In machine learning, two basic uses of Bayes' theorem can be distinguished. In the first approach, the naïve Bayesian classifier, a new instance, described by a tuple of attribute values $\langle a _ { 1 } , \dots , a _ { n } \rangle$, is classified by assigning the most probable target value, taken from some finite set $\mathcal{V}$, the so-called maximum a posteriori hypothesis, . Using Bayes' theorem one may state

\begin{equation} \tag{a1} v _ { \operatorname {MAP} } = \operatorname { arg } \operatorname { max } _ { v _ { j } \in \mathcal{V} } \mathsf{P} ( a _ { 1 } , \ldots , a _ { n } | v _ { j } ) \cdot \mathsf{P} ( v _ { j } ). \end{equation}

Incorporating the simplifying assumption that the attribute values are conditionally independent given the target value (cf. also Conditional distribution), one may rewrite (a1) as

\begin{equation} \tag{a2} v _ { \operatorname {MAP} } = \operatorname { arg } \operatorname { max } _ { v _ { j } \in \mathcal{V} } \prod _ { i } \mathsf{P} ( a _ { i } | v _ { j } ) \cdot \mathsf{P} ( v _ { j } ) . \end{equation}

In contrast to the naïve Bayesian classifier, which assumes that all the variables are conditionally independent given the target value, Bayesian networks allow stating conditional independence assumptions that apply to subsets of the variables. In particular, a node in a Bayesian network corresponds to a single random variable $X_i$, and a link between two nodes represents the causal dependency between the parent and the child node. The strength of the causal relation is represented by the conditional probability $\mathsf{P} ( X _ { i } | \gamma _ { i } )$ of each possible value of the variable, given each possible combination of values of the parent nodes ($\gamma _ { i }$ being the set of predecessors of $X_i$).

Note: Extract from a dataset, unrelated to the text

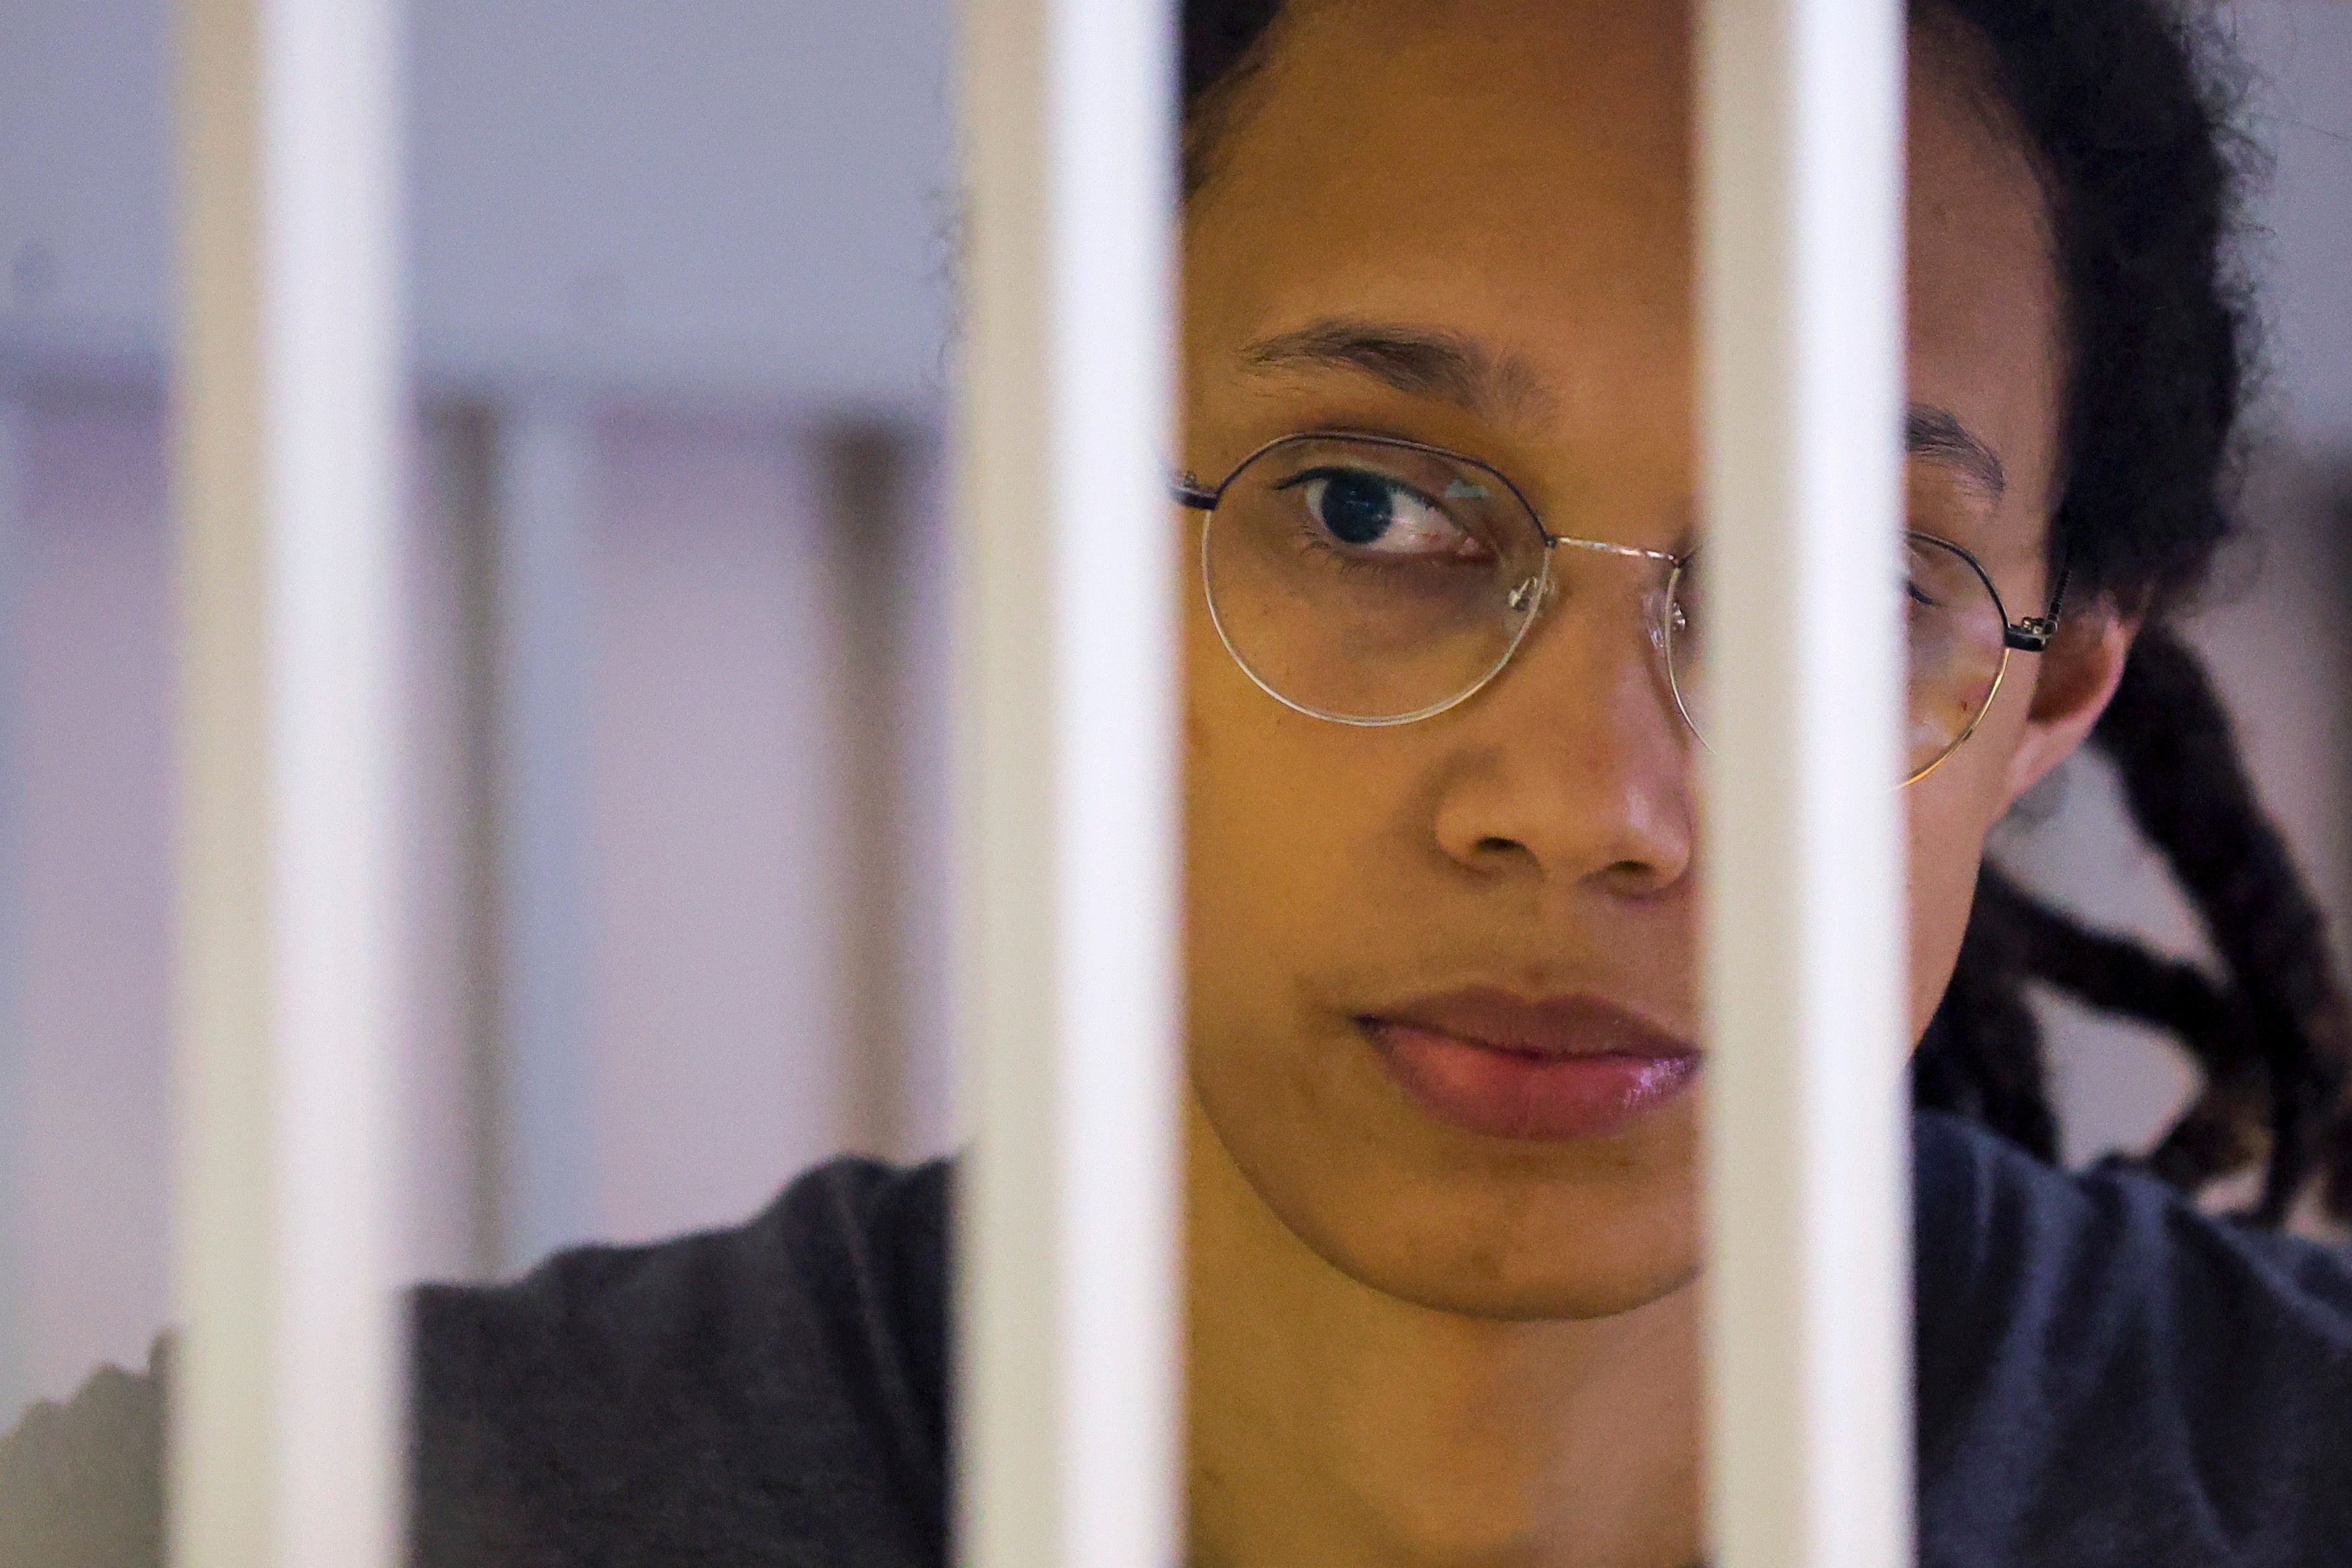 Brittney Griner has been imprisoned in Russia for months
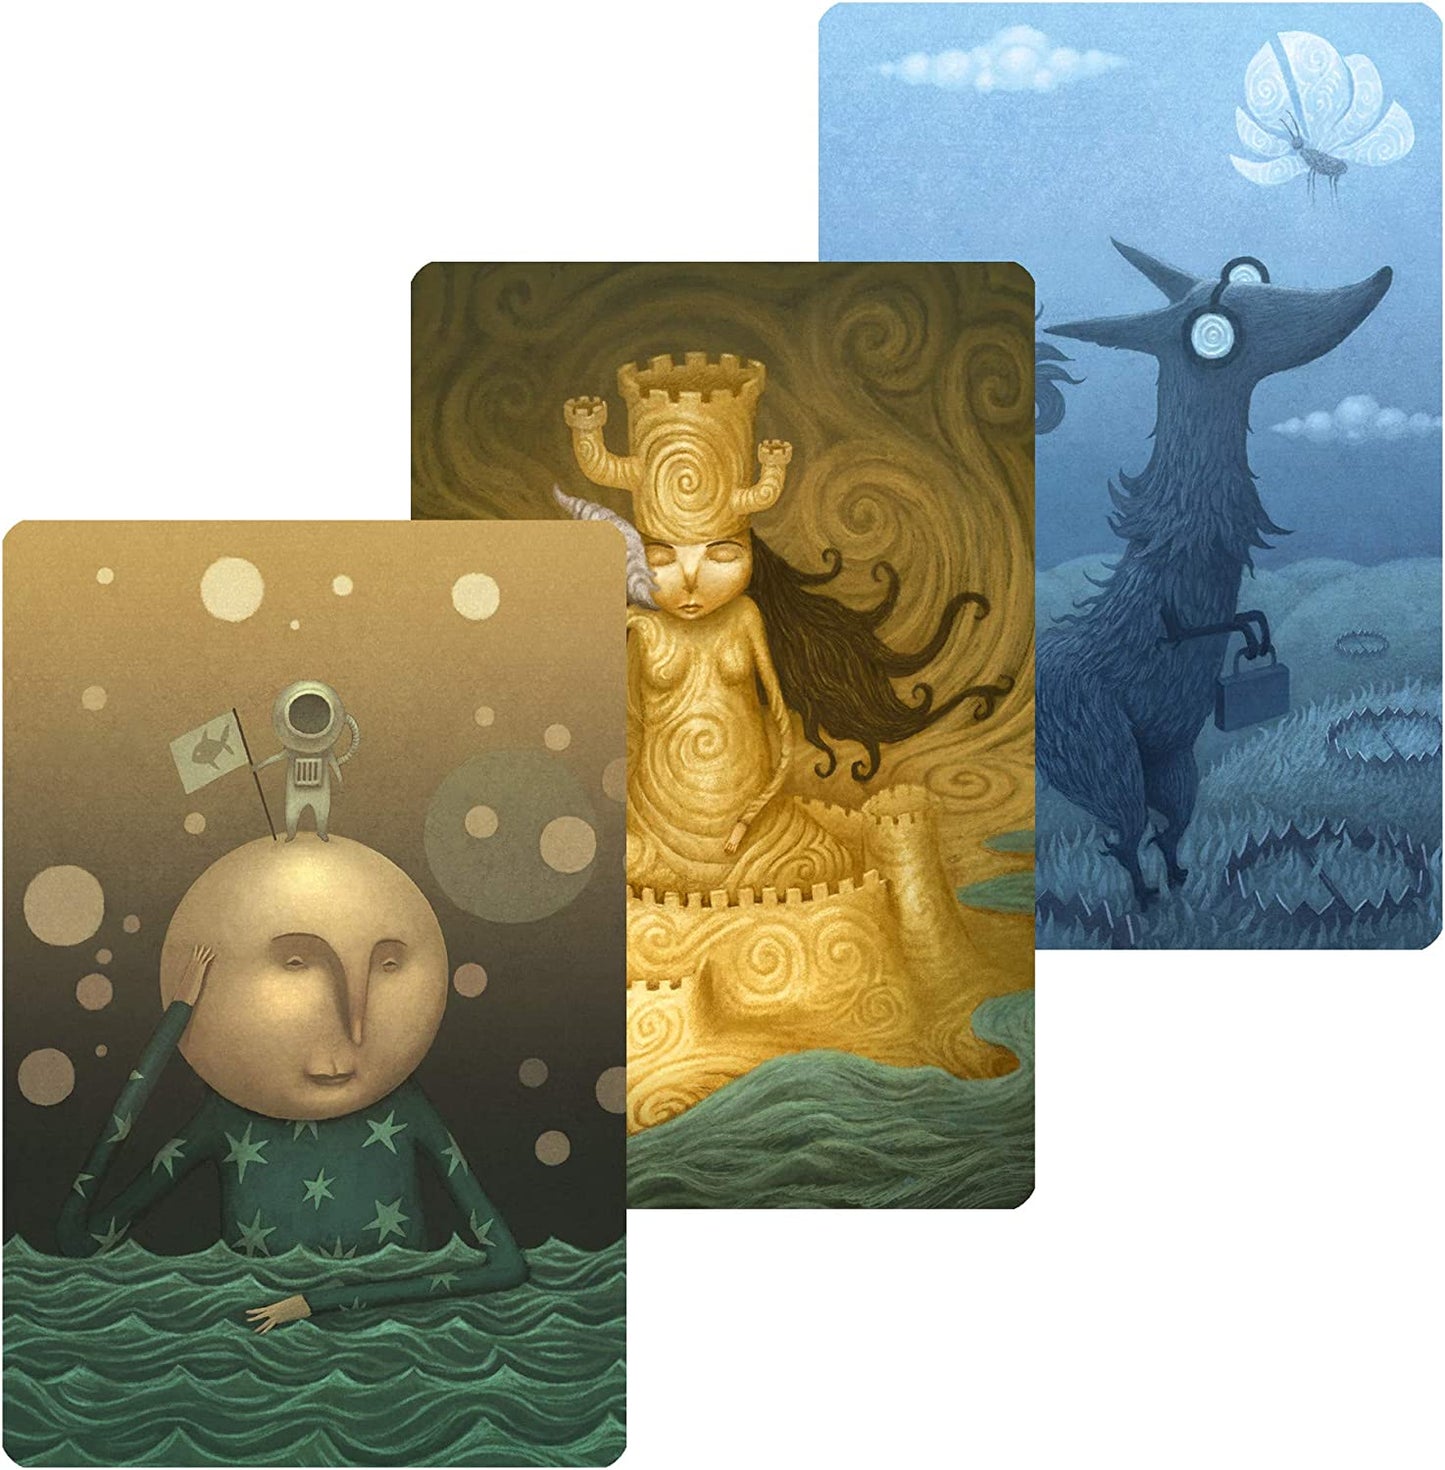 Dixit Expansion 5: Daydreams Libellud

The problem that is posed by the appropriate choice of the underlying representation formalism is, as with formal reasoning, the fundamental trade-off between expressiveness (is the desired function representable in the chosen representation format?) and efficiency (is the machine learning problem tractable for the given choice of the representation format?).

Machine learning as considered from the inductive perspective generates hypotheses by using combinations of existing terms in their vocabularies. These can, however, become rather clumsy and unintelligible. The problem may be overcome by introducing new terms into the vocabulary. In the machine learning community such systems are known as constructive induction or discovery systems [a10]. Basically, these systems employ techniques from inductive logic programming (such as constructive induction), or are concept formation systems, which generate definitions for new categories (usually attribute-based descriptions) in order to improve the classification of examples based on clustering algorithms.

Inductive learning is typically seen as supervised learning, where the learning problem is formulated as one to predict the output of a function from its input, given a collection of examples with a priori known inputs and outputs. With unsupervised learning such correctly labelled training exemplars are not available. Instead the learning system receives some sort of continuous reward indicating whether it was successful or whether it failed, an approach which underlies a variety of reinforcement learning algorithms [a11].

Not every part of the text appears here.